WRTI's critic-at-large Lesley Valdes takes you to the concert hall, the theater, and the ballet with her reviews of Philadelphia performing arts events.

Daniel Barenboim, piano
Master Musicians Series
Kimmel Center/Verizon Hall

The German Steinway stood off-center, and Daniel Barenboim, who is not tall, looked an antihero walking under Verizon's spotlight. In a hall vast and dramatic, the pianist-maestro Monday night played four pieces whose volume rarely exceeded triple piano.

Intimacy for 2,700 pairs of ears.

The program, Liszt in Italy, included the second book of the Years of Pilgrimage, the music with which Liszt changed direction, heard the essence of things, the way that Turner saw the essence of light. If Chopin been listening in, he would have been envious: so easeful was Liszt's filigree, so economical, almost no motion to Barenboim's fingerwork. The music played so quietly was the trio of Sonnets from Petrarch, which expresses the poet's longing, no pathos, for his Laura. No. 104, the best-known, chases love's contradictions as melodies blaze into view, cross over, disappear. No. 123 is a lesson in harmonic grace.

Intensity from the inside out.

The spirit aims for the cosmos with St. Francis Preaching to the Birds, from The Legends written in Rome late in the composer's life, when he'd taken minor orders. The score is still so daring of timbre and structure, Olivier Messaien comes to mind. On and on, its energies, its beauties, and those trills, suspend us. The spell was broken, forcefully with the Fantasy quasi Sonata After a lecture on Dante. Tumult and tempest, this masterpiece can use a maestro at the keyboard. One or two messy passages and that harshness Barenboim's pounding can produce: small price for the sensitivity and cohesion.

To end, the composer's bread and butter: Three Paraphrases on Operas of Verdi. Rigoletto's bouncing tune, with its slashing interruptions, made clear the pianist's enjoyment after the tragic darkness of Trovatore. Aida was sublime, heard from a distance, sacred dance, and shroud. One encore: Schubert's Moman Moozikow the one in F Minor.

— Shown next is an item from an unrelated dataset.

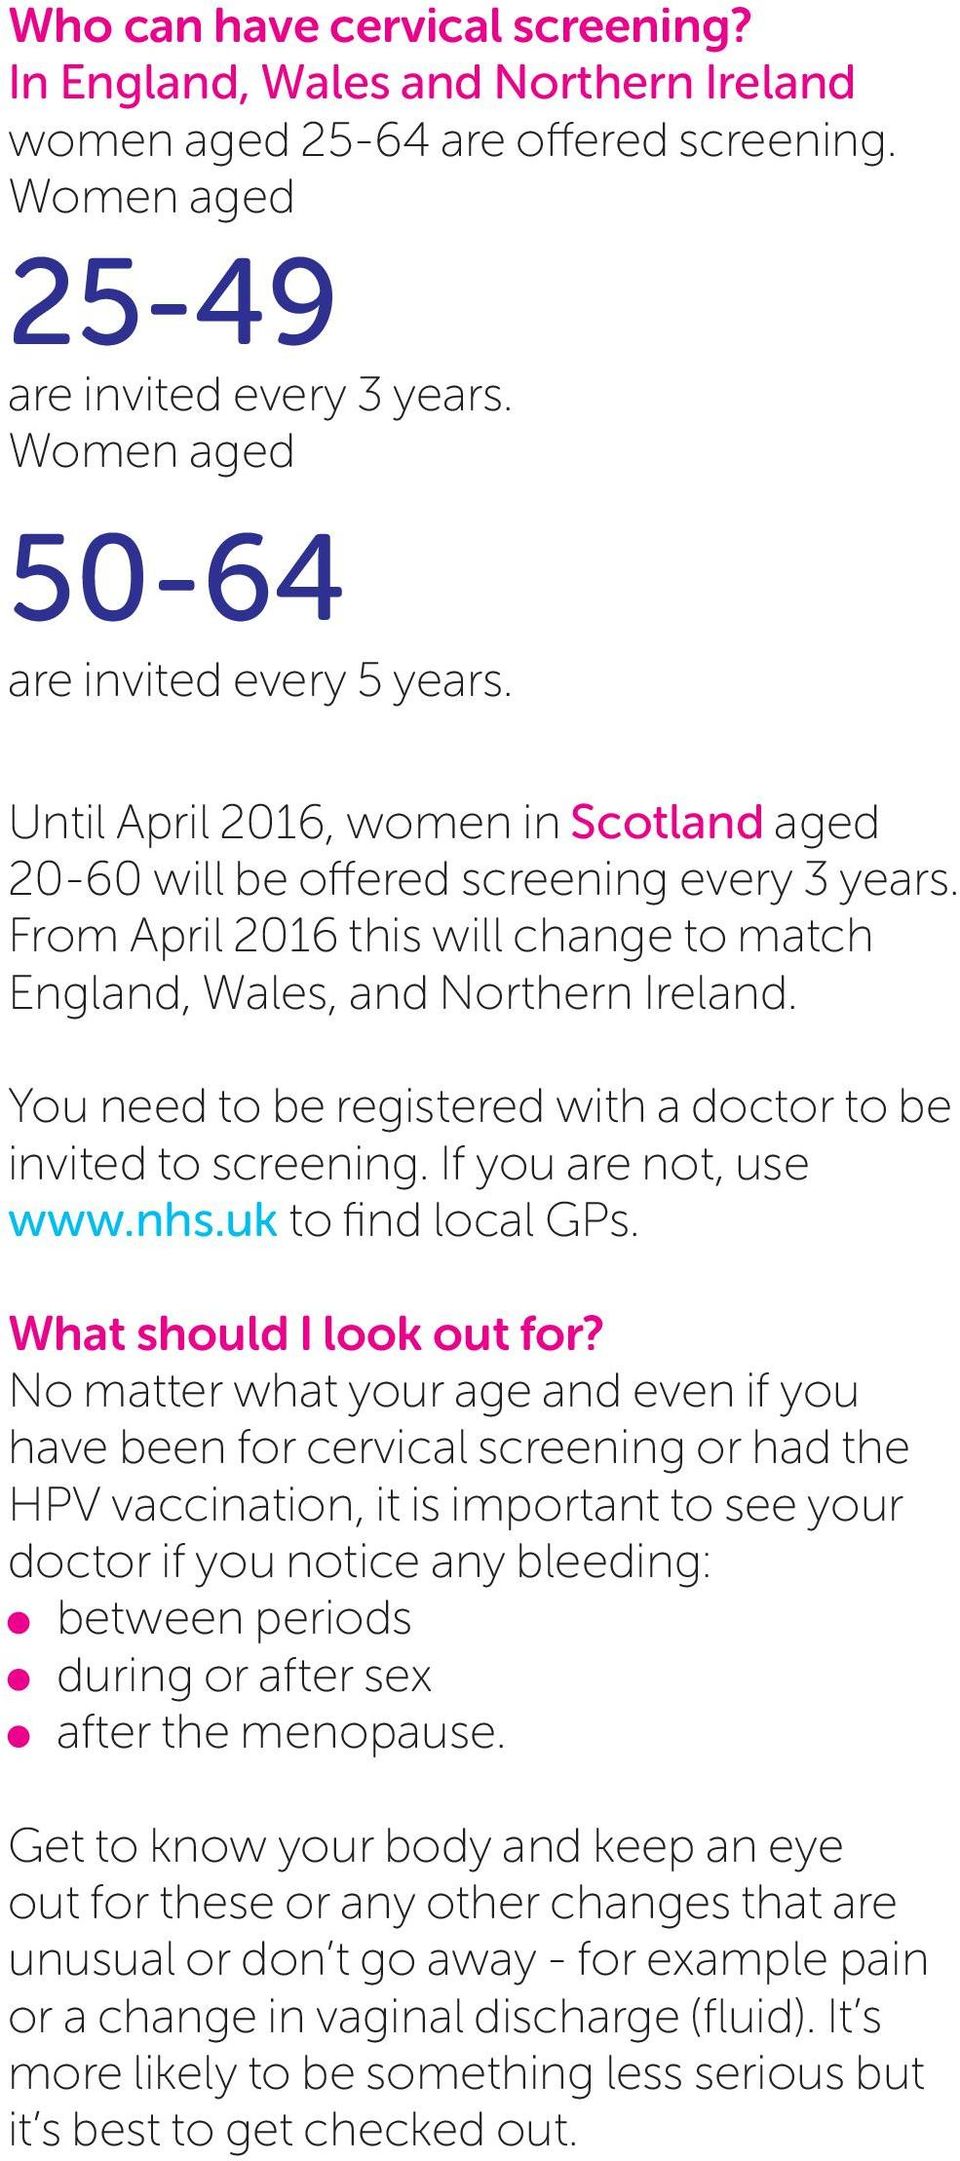 You need to be registered with a doctor to be invited to screening. If you are not, use www.nhs.uk to find local GPs. What should I look out for?

It's a Wonderful Life, a Radio Play
Prince Music Theatre
Joe Landry
December 4 - 21, 2008

Joe Landry's It's a Wonderful Life, A Live Radio Play is one alternative to the Nutcrackers and Christmas Carols. It just opened at the Prince on Chestnut Street with a convincing staging and good talent but one big caveat. Broadcasting in the 1940s had golden voices, and comforting style. Unfortunately this isn't what you get from Jered McLenigan whose idea of an old time radio host is a wink, leer, and racecourse chatter. McLenigan has the central role. He introduces the radio play before it becomes the Frank Capra movie. He's a fine mimic, and takes multiple parts in the story that most of us know so well. But the interpretation is hyperactive and his voice is raspy. The style he's chosen is so irritating, McLenigan does no service to any media, then or now. Working to better results but not up to their usual high standards are Peter Pryor in the Jimmy Stewart role of the Good Guy George Bailey who goes from crisis to catastrophe. Tom McCarthy plays Clarence, the Angel, second class. They are stuck in a team that should have begged director Barry McNabb to slow things down.

Landry's 1990s play requires half a dozen actors to double up on parts which they do, often well. They even sing: during the radio breaks for Tastycakes, there are holiday standards. A standout is Rachel Brennan who plays Violet, and all the women of Bedford Falls, some boys, too. Jennifer Page is a fetching Mary Bailey. The onstage pianist, and musical arranger is Collin Maier, who can sings well. Sound designer Jeffrey Lorenz with his Bryl Creamed hair is fun to watch as he goes about his business. Maxine Johnson's costumes and Liz Burrow's set suit the period. Much works in this Wonderful Life at the Prince, but not the timing.